- Associated Press - Monday, May 16, 2016

COLUMBIA, S.C. (AP) - Three-time Super Bowl champion Troy Brown couldn’t help but smile after once again proving doubters wrong.

The 5-foot-10 receiver, continually told he was too small for football, is in several Hall of Fames after a stellar career that included success with the New England Patriots, the Marshall Thundering Herd and his own Blackville-Hilda High School. Now he can add his home state to that list; Brown is part of a class of eight enshrined in the South Carolina Athletic Hall of Fame.

“At the end of the day, you’ve got to sit down and see if the guy can play,” Brown said. “I was always determined to prove people wrong.”

Brown, from Barnwell, South Carolina, did that at every level of the game.

He helped Blackville-Hilda win a state title in 1988, Marshall a Division I-AA championship and the Patriots to the start of their current NFL dynasty with Super Bowl victories in 2001, 2003 and 2004. He left the Patriots as their all-time receptions leader with 557 catches over 15 seasons.

“I was always trying to do something to improve,” Brown said, citing working in fields with friends in South Carolina pulling in crops or getting in extra runs to increase his stamina.

After his time at Blackville-Hilda High, Brown had hoped to get a look from the state’s biggest colleges, Clemson and South Carolina. Again, his talent was minimized because of his height and lack of breakaway speed.

“It was just a constant determination to always be better,” he said. “You have that chip on your shoulder to prove people wrong.”

At lower-level Marshall, Brown set the record for career kickoff return average (29.69) that still tops the NCAA. His play eventually earned him a spot in the College Football Hall of Fame.

Brown was mostly used as a punt returner and backup receiver with New England until coach Bill Belichick arrived in 2000. Brown said Belichick saw a hard worker who held onto passes even if he didn’t possess the blazing speed of other top receivers his height.

“He saw I could play,” Brown said.

In the pros, Brown met a kindred spirit in Patriots quarterback Tom Brady, an overlooked sixth-round draft pick in 1999 who became the dynasty’s triggerman. “He had the same type of mentality as I did so we worked well together,” Brown said.
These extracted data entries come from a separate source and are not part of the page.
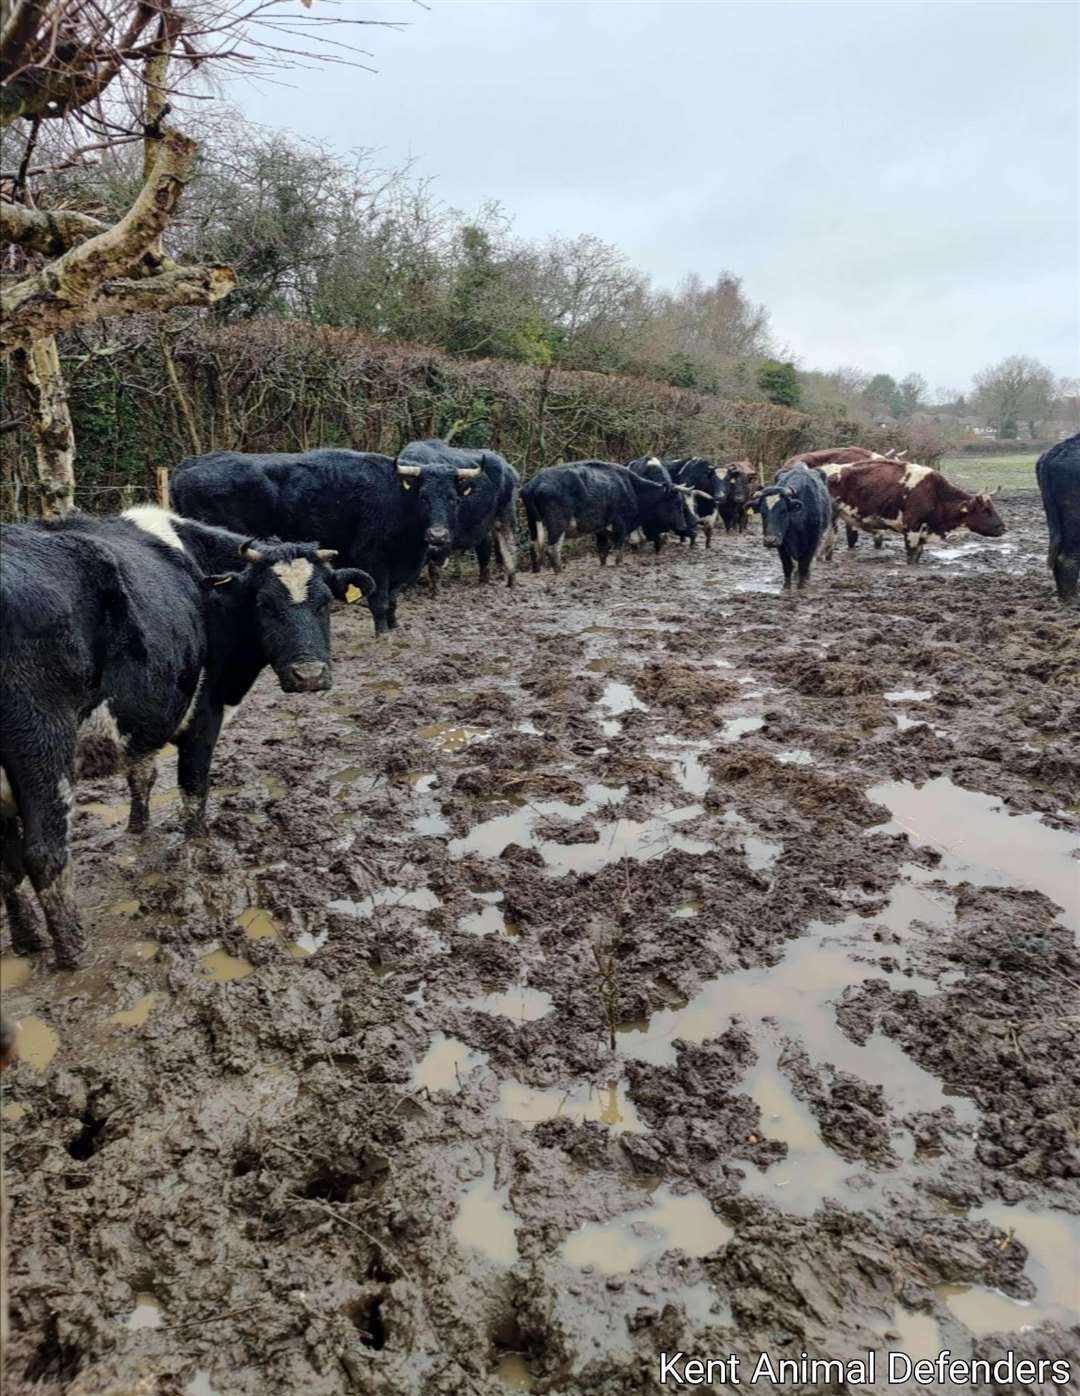 Cattle at Oaks Farm near Sevenoaks
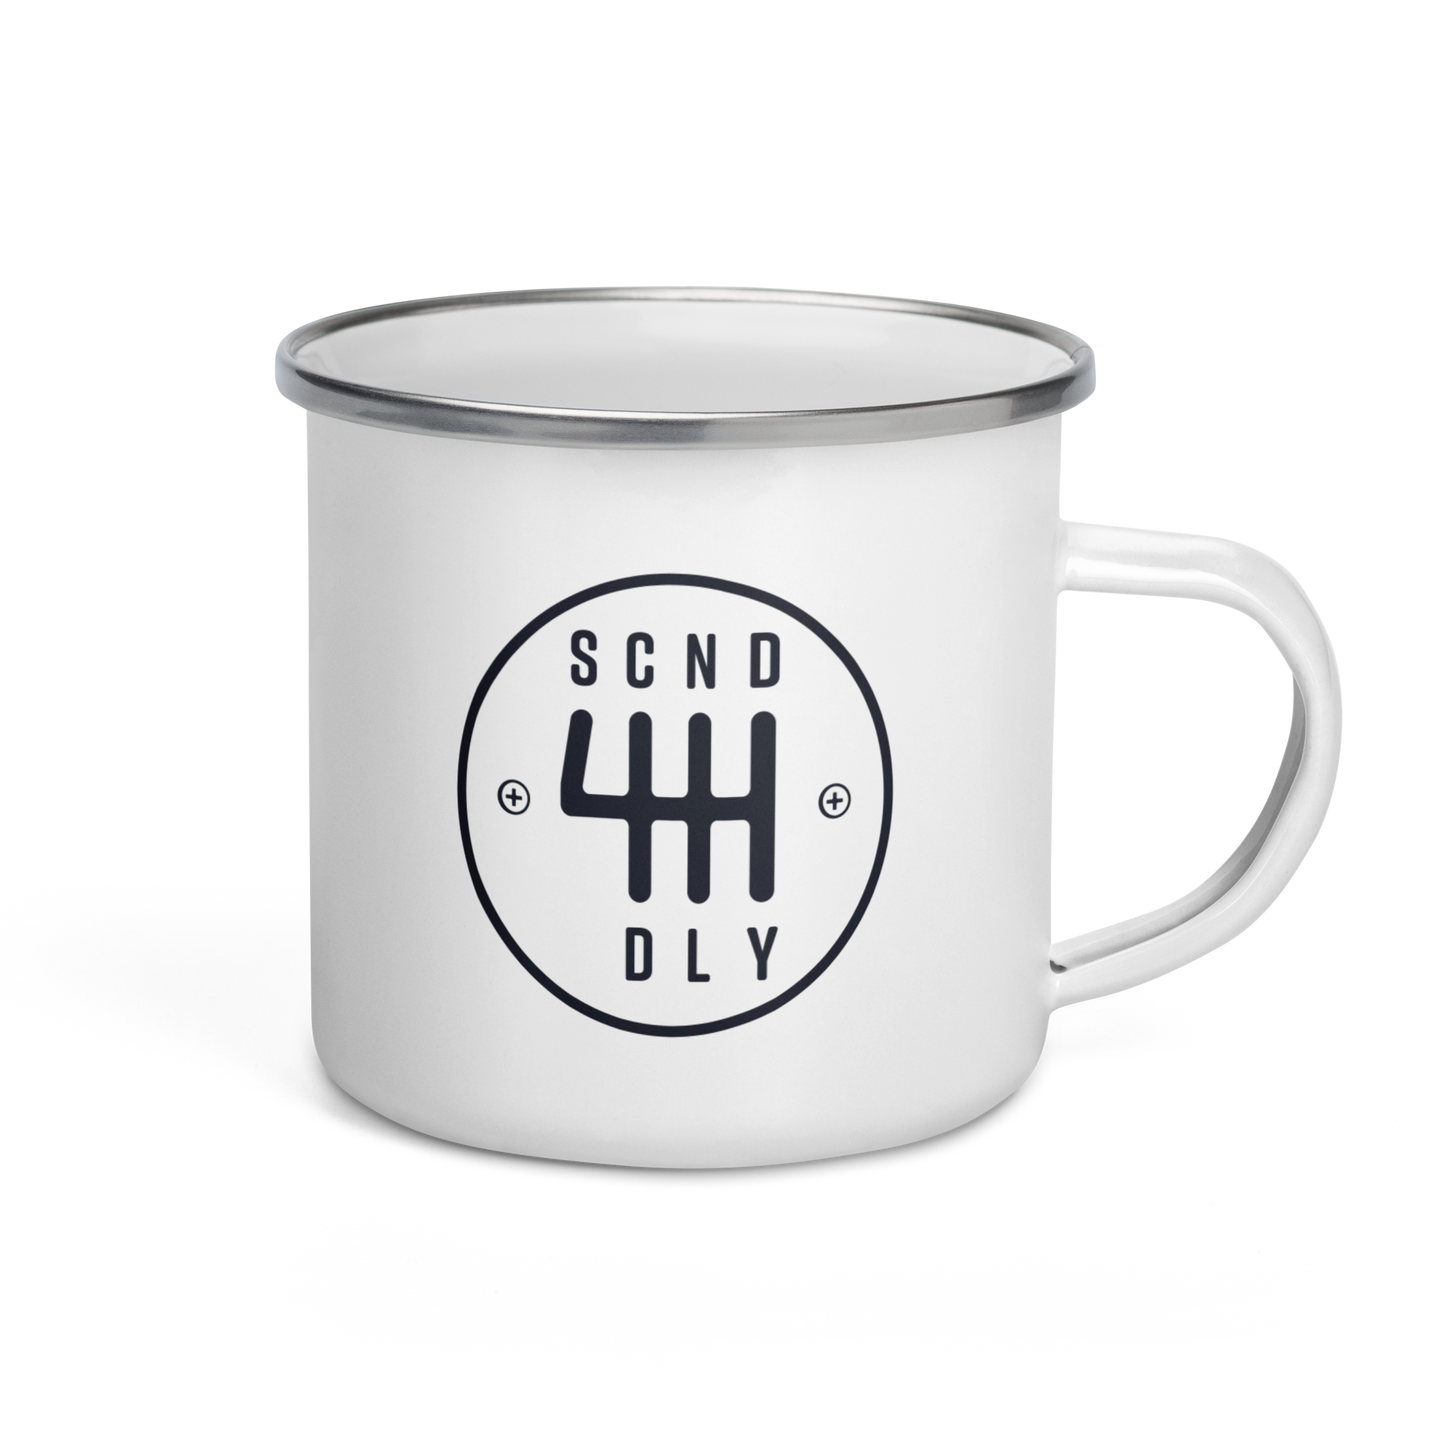 Second Daily - Defender 90 - Enamel Mug
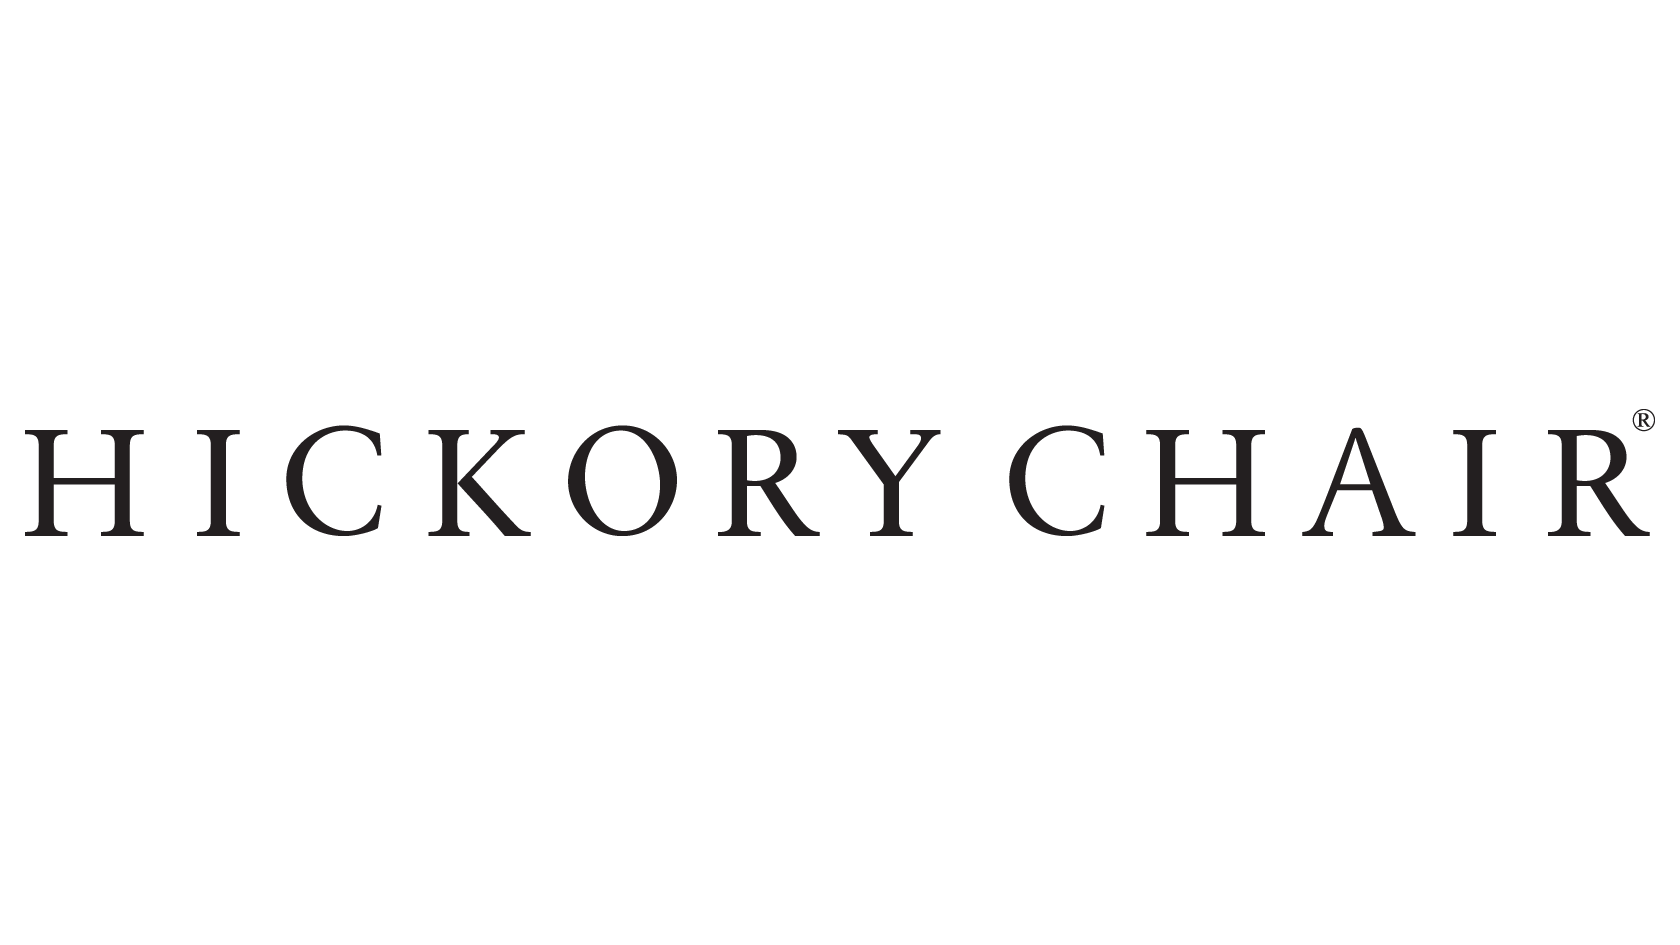 Hickory Chair logo, 2021 Flower magazine showhouse sponsor for furniture

That was apparent as Brown became Brady’s go-to receiver. Brown caught 83 passes in 2000, 101 in 2001 and 97 in 2002.

Brown acknowledged that Brady had a sharp side for those who weren’t all about getting better and winning titles.

“At the end of the day, we could both be ticked off at each other, but still love each other because we still had the same goal,” Brown said.

The peak of Brown’s career were the three Super Bowl triumphs. He was also part of two title-losing teams with New England in 1996 and 2007, the year the 18-0 Patriots fell in the Super Bowl to the New York Giants. Brown was injured much of that season and retired soon after.

Along with Brown, others enshrined were South Carolina basketball standouts BJ McKie and Art Whisnant, Clemson all-Atlantic Coast Conference basketball player Greg Buckner, ex-South Carolina women’s basketball player Martha Parker Hester, late Clemson and St. Louis Cardinals pitcher Flint Rhem, longtime athletic administrator Buddy Sassser and one-time Citadel baseball standout Richard Wieters, whose son Matt is catcher for the Baltimore Orioles.

Brown is proud of latest Hall of Fame selection, but again wondered what had taken South Carolina so long after his pro career.

With a smile on his face, Brown said: “I thought I might’ve been overlooked again.”